What are the benefits wrt another high performance GC? O(1) allocation and de-allocation is the norm.
Thank you for asking. This implementation provides short O(1) pause times, regardless of working set size, and it also compacts. Maybe such things do already exist, but I couldn’t find such things when I searched as I was thinking about this project, so I thought this would be new. I’m happy to compare to another implementation if you could point me to one.
I see. Given the expensive read barrier, I think there are other ways to achieve similar characteristics with better trade-offs (I can find references tomorrow, but it is a bit late here, sorry). However, your design seems to make a lot of sense for a compacting database (the expensive read barrier can be factored in the cost to access external pages, storage overhead might be a problem though).

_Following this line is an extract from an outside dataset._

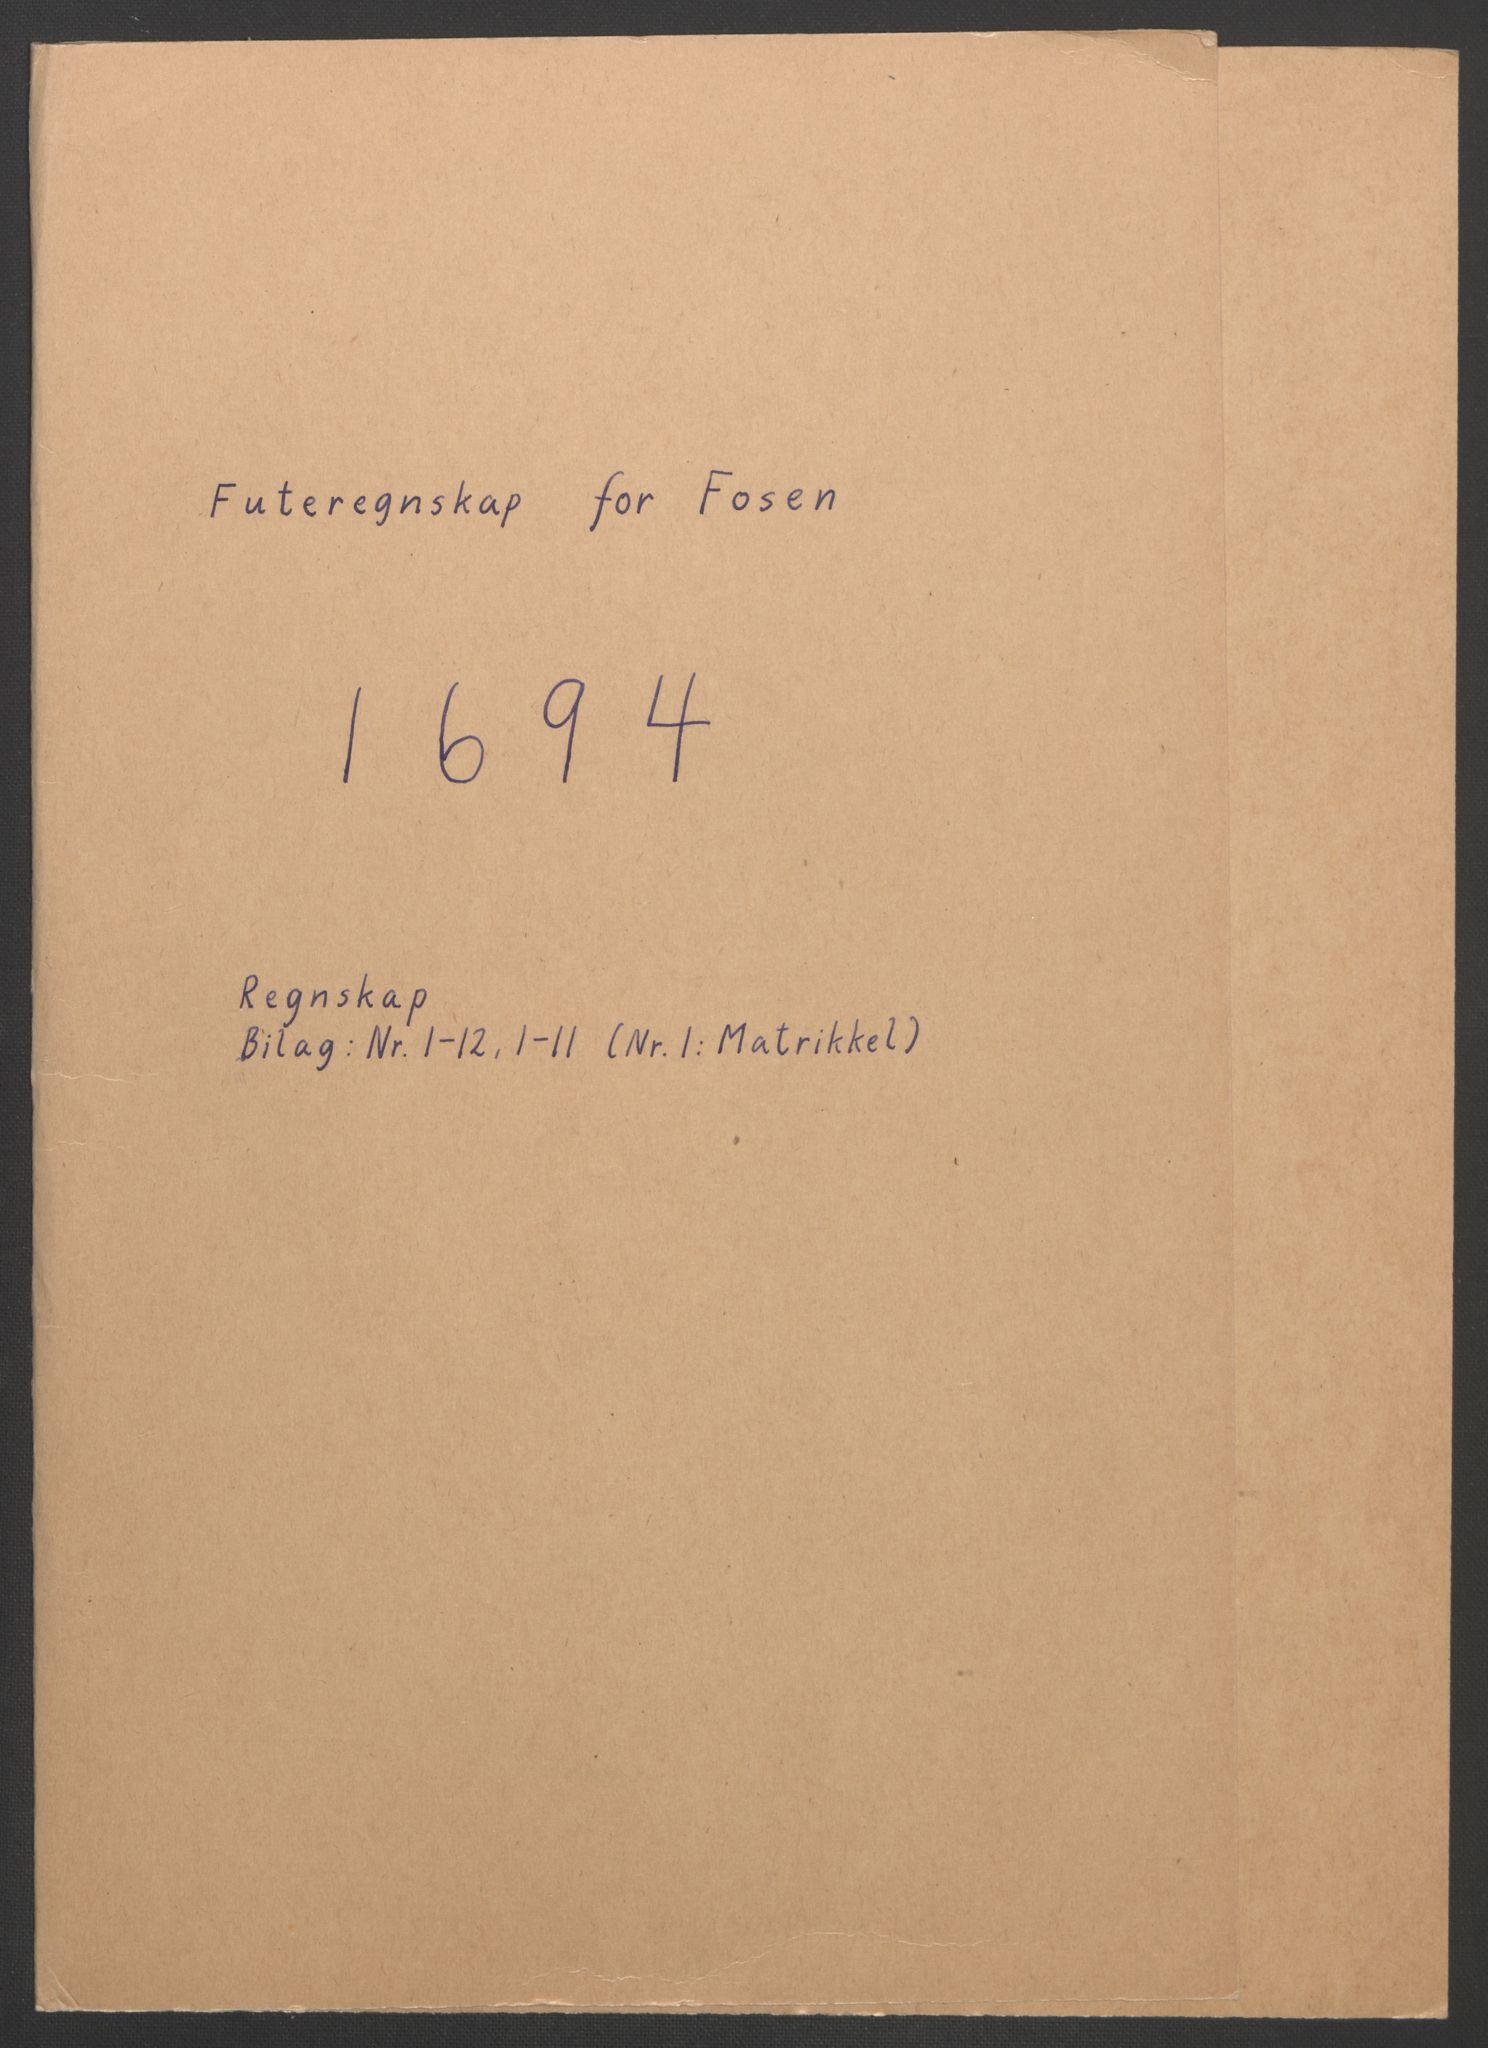 RA, Rentekammeret inntil 1814, Reviderte regnskaper, Fogderegnskap, R57/L3850: Fogderegnskap Fosen, 1694, s. 2

Small question: when GC thread is active, what happens if the main thread fills the region before than the GC can complete?

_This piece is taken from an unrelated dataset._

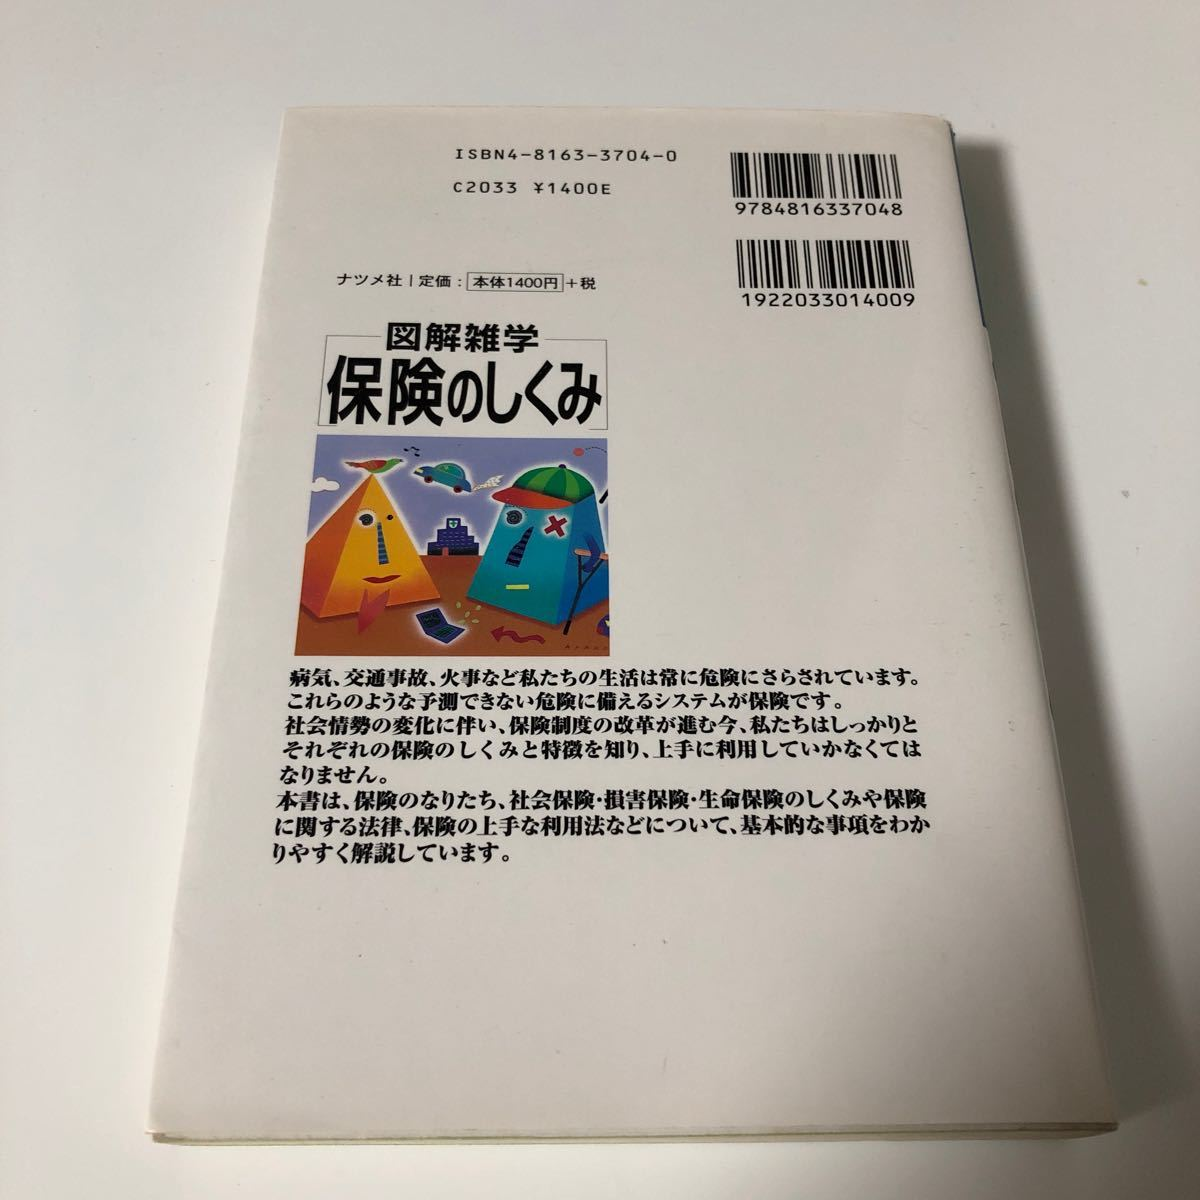 図解雑学 保険のしくみ 図解雑学シリーズ/道端忠孝 (著者)

Thanks I’ll be happy to read them. Regarding your question, I use the term “region” in the code to refer to a range within the CB/ring-buffer. That region is allocated by the main thread for use by the GC thread, and then the main thread never touches it. If you’re referring to the CB/ring-buffer itself, as in “what happens if the main thread fills the CB before the GC completes?” then the answer is that the main thread will resize the CB upwards to the next power-of-2, copy all of the contents of the old CB (including the still-being-written GC consolidation region), and then when the main thread observes the GC to have completed, it will copy forward the data from the old CB’s consolidation region to the equivalent range in the new CB. In this way, the GC thread only knows about the CB that was given to it during the start of the GC/consolidation, and the main thread is responsible for the shift of the CB to a larger one.
Thanks! –Dan
Yeah, it looks like an exercise to write such GC. Other pauseless GC’s has similar characteristics and arguably cheaper in many cases. This implementation for lookups requires a hash table on-the-side and most likely requires a read-barrier (when rewire objects moved from zone A to B to C).
Thanks for taking a look! Yes it does require a read-barrier for the objects which have shifted locations. I’d be interested if you could link me to the best implementations you know of.

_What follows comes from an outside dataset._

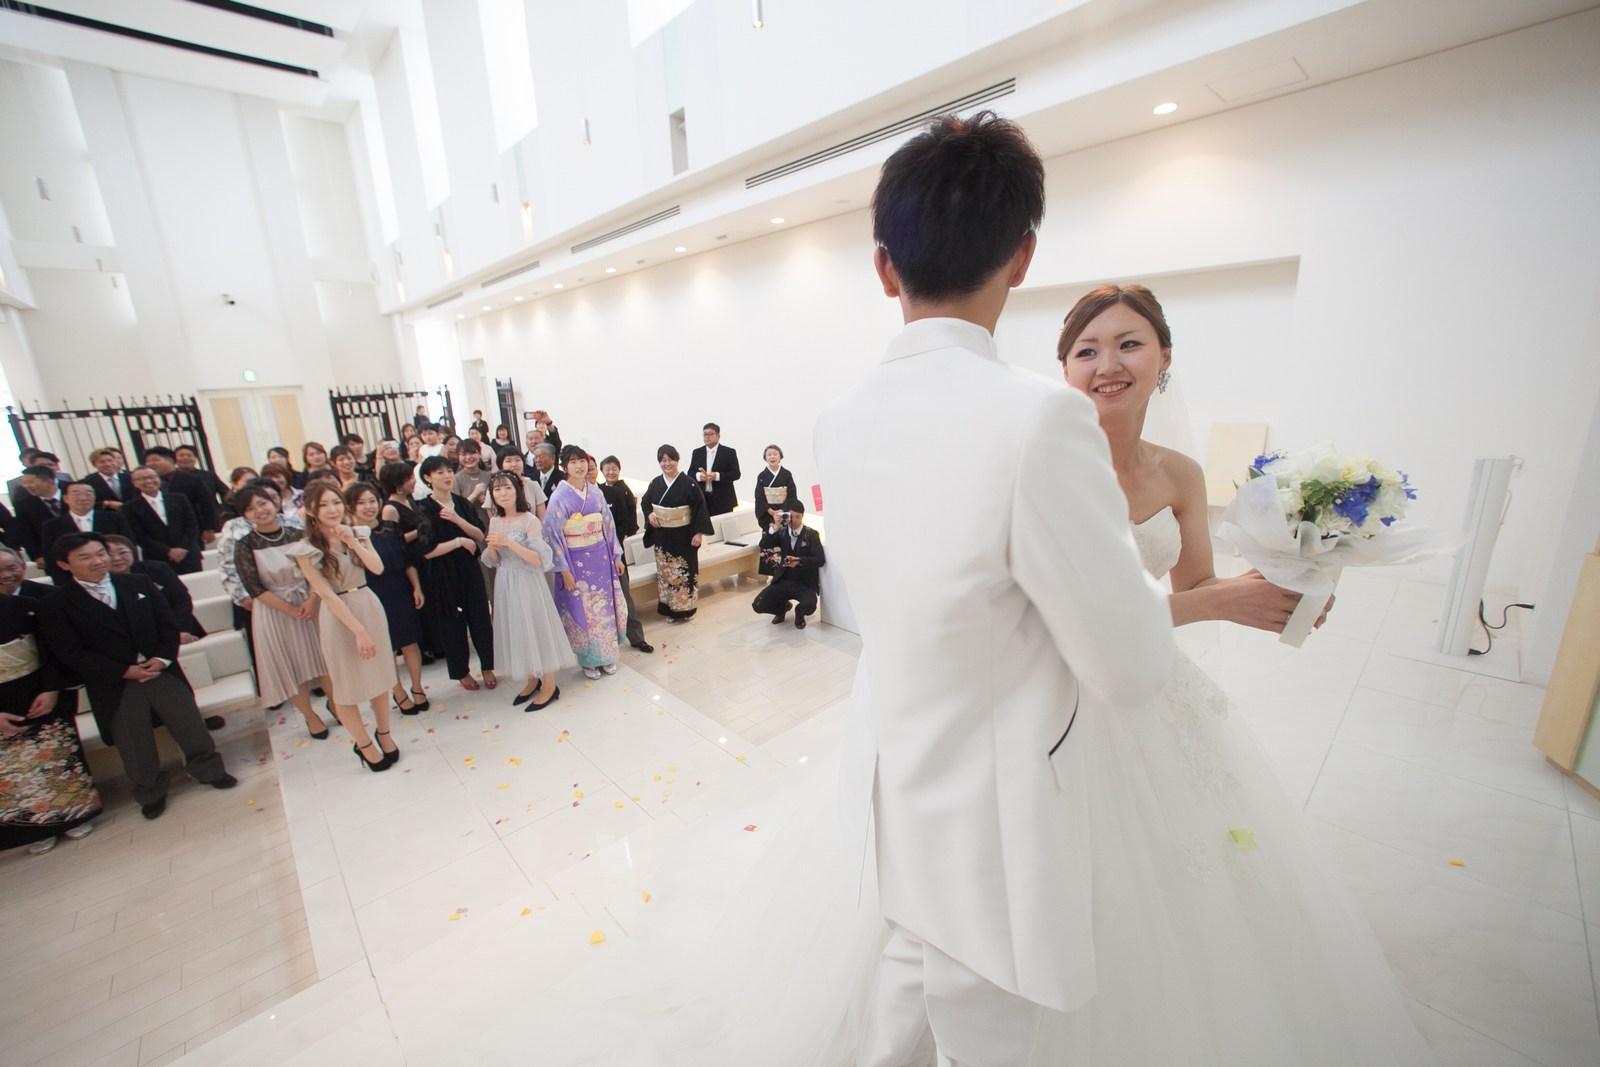 徳島市の結婚式場ブランアンジュでチャペル内でのセレモニー

Read what you did led me immediately to Azul’s Pauseless GC. Both does tons of work on read side to ensure GC thread can finish marking and compacting in predictable way. In their case, I think they trap the pointer read to outdated pages to update the reference (in compacting phase).
Edit: thinking through their marking phase and yours (from my understanding, your zone B is for marking). One thing I don’t quite understand is how you can make sure mutations in zone A has no pointers back to zone B / C objects, hence, you can do marking phase correctly without consulting zone A?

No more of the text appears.